Operational resilience is a company’s capability to adapt to evolving risk landscapes, respond to shocks that evolve across functions of the broader enterprise, and provide services under duress. Regulators expect firms to operate uninterrupted in the face of these stressors to help the financial system absorb and adapt to them (a comprehensive list of affected firms will be included in parts three and four, or can be found on pages 28-29 in DORA and the introduction of the SEC’s rule).
ACA defines operational resilience as having five critical domains with five foundational components.

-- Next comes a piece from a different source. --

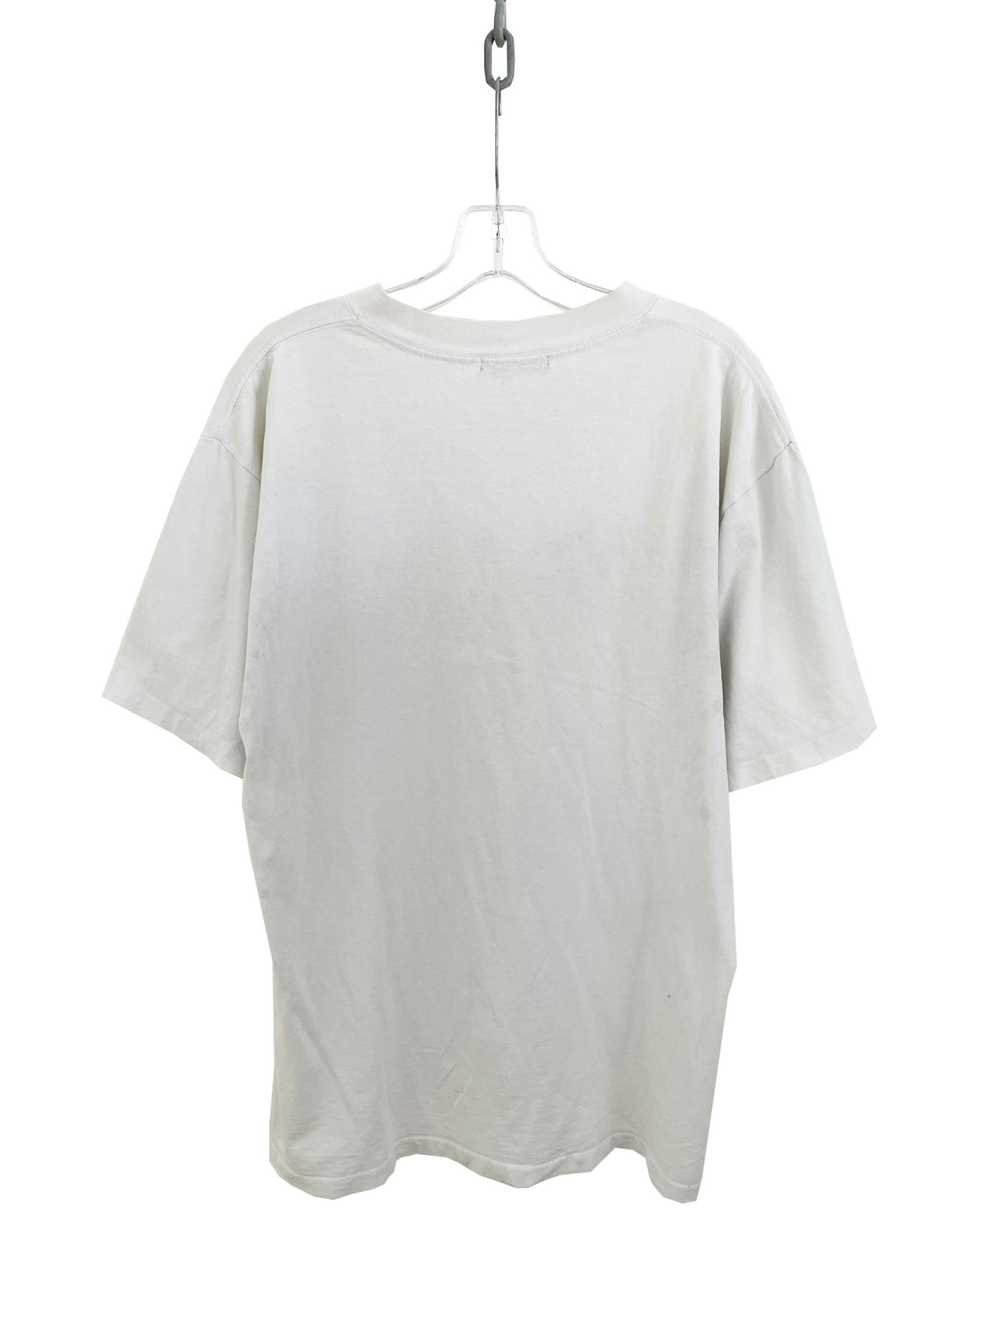 Undercover 90’s Milk T-Shirt - image 7

Operational resilience is not “one-and-done” and should not be considered a point-in-time exercise. Operational resilience is a team sport that actively discourages silos. This means all teams should know how to activate recovery plans together, knowing not only how to communicate to their own teams but also how their teams are expected to work with others when restoring operations.
An operationally resilient company can:
- Keep critical business processes up and running (simply put, “keep the lights on”) during disruptions.
- Respond to disruptions effectively and without delay.
- Return to business-as-normal after the conclusion of a disruption.
- Learn from disruptions to better prepare for future incidents.
- Execute remediation strategies if gaps in their programs are identified after an incident.
- Be accountable for the disruptions and maintain records of their events and mitigation.
- Evaluate and address the inherent risk posed to them by third-party vendors.
What Are the Domains of Operational Resilience?
The domains to focus on in working towards operational resilience are:
- Cyber and Information Security Resilience—Detecting and protecting against threats and vulnerabilities, as well as restoring operations during cyber disruptions affecting an organization’s networks, information systems, and data.
- Technological Resilience—Protecting and ensuring the durability of critical technological systems and tools needed to deliver services and/or goods.
- Third-Party and Supply Chain Resilience—Performing diligence on all critical third-party relationships to determine if they are adequately resilient in the face of disruptions. Note: third-party resilience does not solely refer to third-party risk management (TPRM) and cyber resilience, but rather how these vendors perform broadly across all functions and services (for example, their ability to continue vital deliveries during supply chain and personnel shortages).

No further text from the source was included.